Por: Kepa Arbizu
El arte, en no pocas ocasiones, tiene como función, o consecuencia, convertirse en un medio, ya sea para autor o receptor, con el que afrontar los más duros envites que nos dedica la vida. No es por lo tanto extraño que un drama tan profundo como la pérdida de un hijo se convierta en la línea conductora de una obra. Así lo hemos visto reflejado de manera palmaria en autores como Francisco Umbral o Fernando Botero, por lo que no debe de asombrar que un músico como Nick Cave oriente las canciones de su último disco, “Skeleton Tree,” hacia ese luctuoso suceso.
Obviando pormenores relativos al episodio concreto que no aportan gran cosa al hecho musical, siempre afrontar algo así y plasmarlo de manera tan inmediata puede asociarse a una excesiva demostración de intimidad. Respecto a este punto quizás habría que recoger lo que se expresaba de manera explícita en aquel documental-panegírico sobre el australiano “20.000 días en la Tierra” a la hora de considerar lo vivido casi como excusa para lo puramente artístico. Y ese es un punto esencial en la forma de este disco, ya que en él, al margen de la lógica exorcización o catarsis personal, hay un acercamiento a la idea global de adaptación-transformación tras el sometimiento a una sacudida emocional de altísimo calado.
Musicalmente el disco, a pesar de que en lo temático se define bajo una clara especificidad, se orienta bajo el mismo rumbo que su anterior “Push the Sky Away” aunque ahondando en los aspectos que le confieren un ambiente más etéreo, minimalista e íntimo, como evidencia el summum de la austeridad que evoca su portada. Esas son las premisas que construyen un trabajo con una identidad muy subrayada (quizás demasiado), en la que la peculiaridad de cada tema surge de la mínima fluctuación de dos elementos, casi manejados a modo de eje de coordenadas, como son la forma de cantar, mayoritariamente recitativa, y el manto musical seleccionado, más abstracto o menos en cuanto a la utilización de sonidos. Un aspecto en el que hay que remarcar la siempre soberbia labor de Warren Ellis.
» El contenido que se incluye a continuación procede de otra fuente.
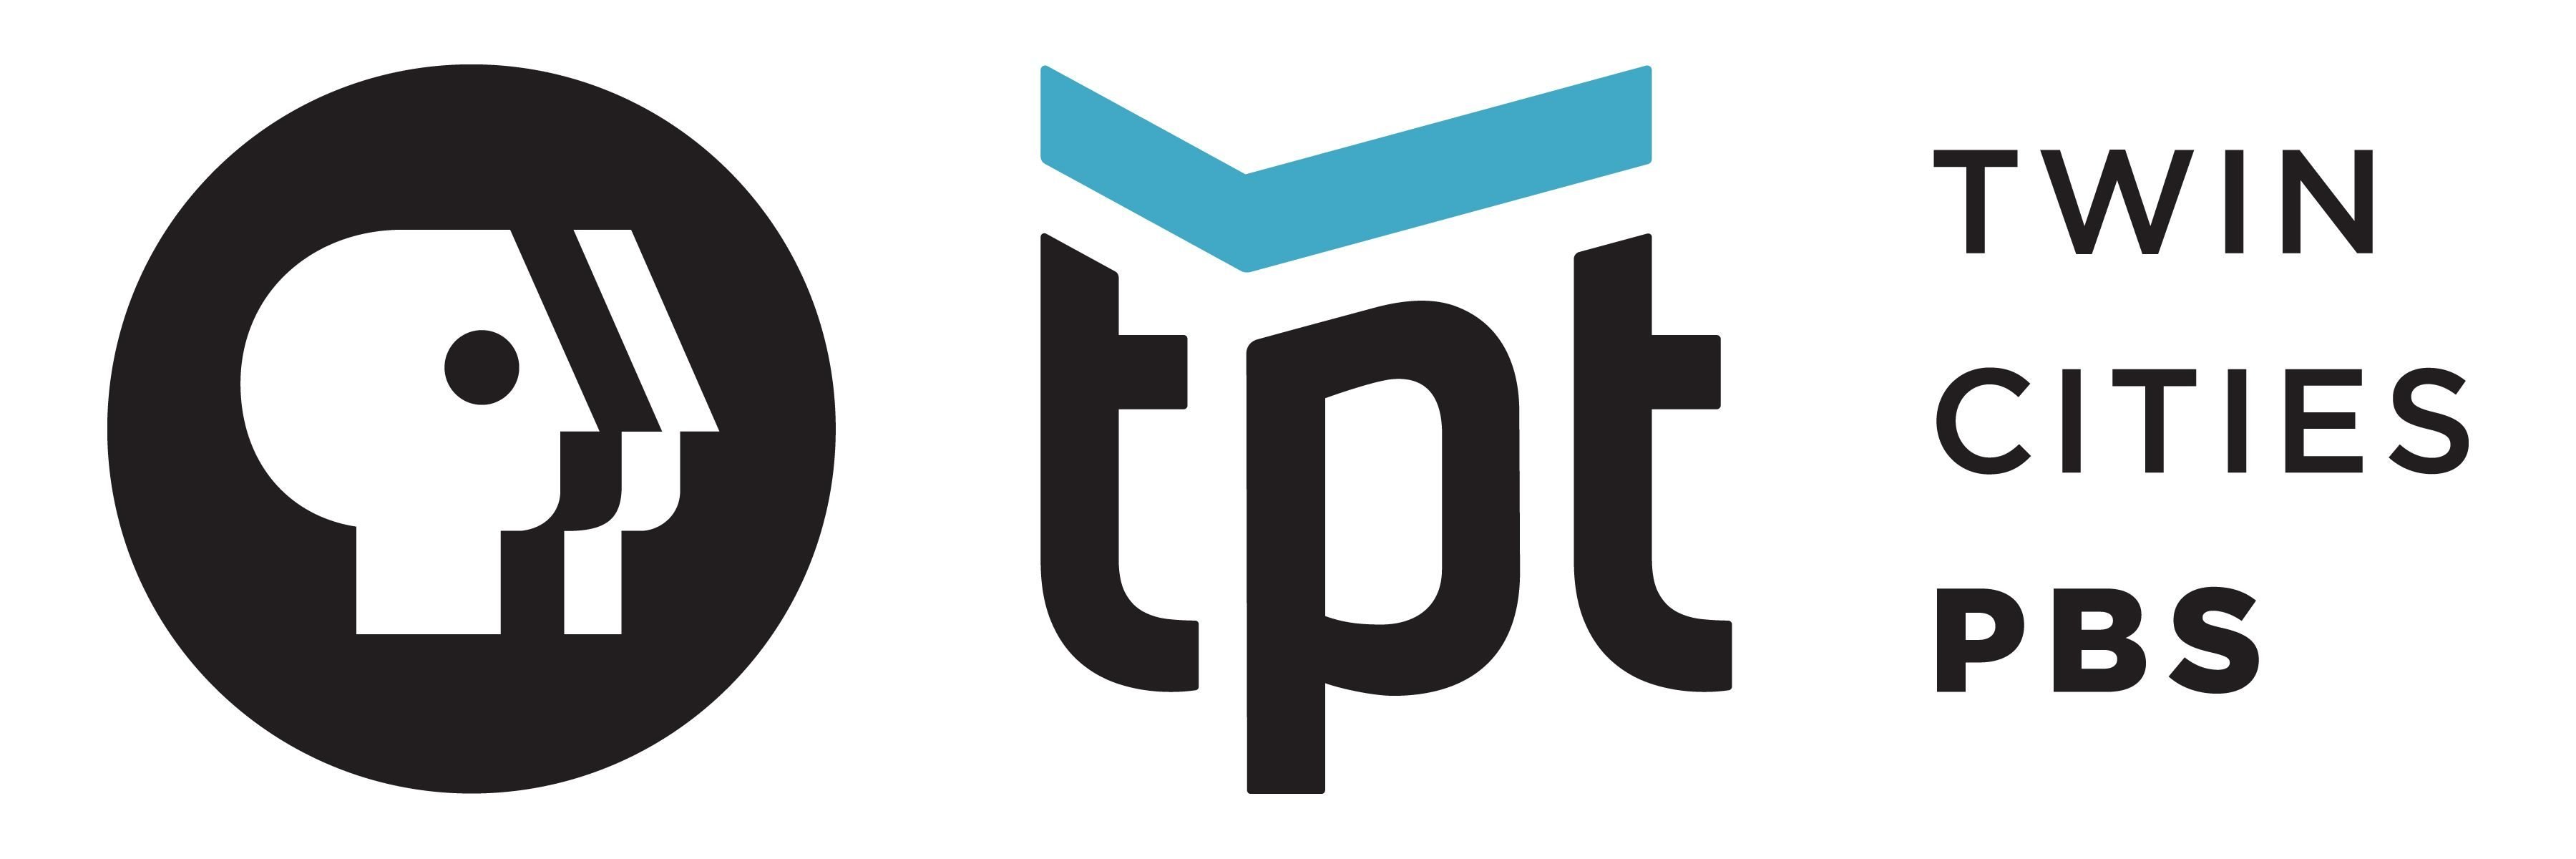 TV Schedule - Find dates and times for shows airing on TPT

Dicho lo cual solo nos queda medir esos elementos para describir (algo siempre insuficiente pero más todavía en episodios dirigidos a sobrecoger) cada composición que nos encontramos, prácticamente en exclusividad expresadas bajo una lírica que se manifiesta a modo de imágenes con un tono narrativo que, por ejemplo en “Jesus Alone” o “Magneto”, encuentra en el “ruido” su particular entorno sonoro. En otros momentos como los de “Rings of Saturn” o “Girl in Amber,” donde es su mujer la que se sitúa como centro del discurso, alternará una manera de declamar más neutra con otra, la segunda, más apesadumbrada.
Es con la llegada del final del disco cuando aparecen los momentos más melódicos, un término arriesgado utilizado en este contexto pero que hay que entender básicamente como la entrada de Cave en un terreno en el que ejerce de manera más habitual la tarea de cantar. Tanto es así que, por ejemplo, cede esas lides a la soprano danesa Else Torp, que pone su emocionante voz en “Distant Sky”, aportándole un tono casi religioso. Temas como “I Need You” y “Skeleton Tree”, curiosamente también los que de forma más explícita expresan el tema de fondo del álbum, serán interpretados como una suerte de plegaria.
Resulta extremadamente complicado evaluar un disco como éste. Su mayor virtud, la adopción de ese tono desnudo y a la vez ambiental para musicar un suceso dramático como el que aborda, se convierte también en su limitación, porque si acercarse a él en pequeños sorbos puede epatar por su contenido emocional, visto en global resulta algo lineal por la dificultad, imposibilidad diría más bien, de mantenerse únicamente bajo esas características. Nick Cave conmueve, y quizás en este caso tan particular no quepan mayores valoraciones que acompañarle en el descenso a sus infiernos personales, un paisaje habitual en su música pero teñido en esta ocasión de un sufrimiento más concreto y palpable.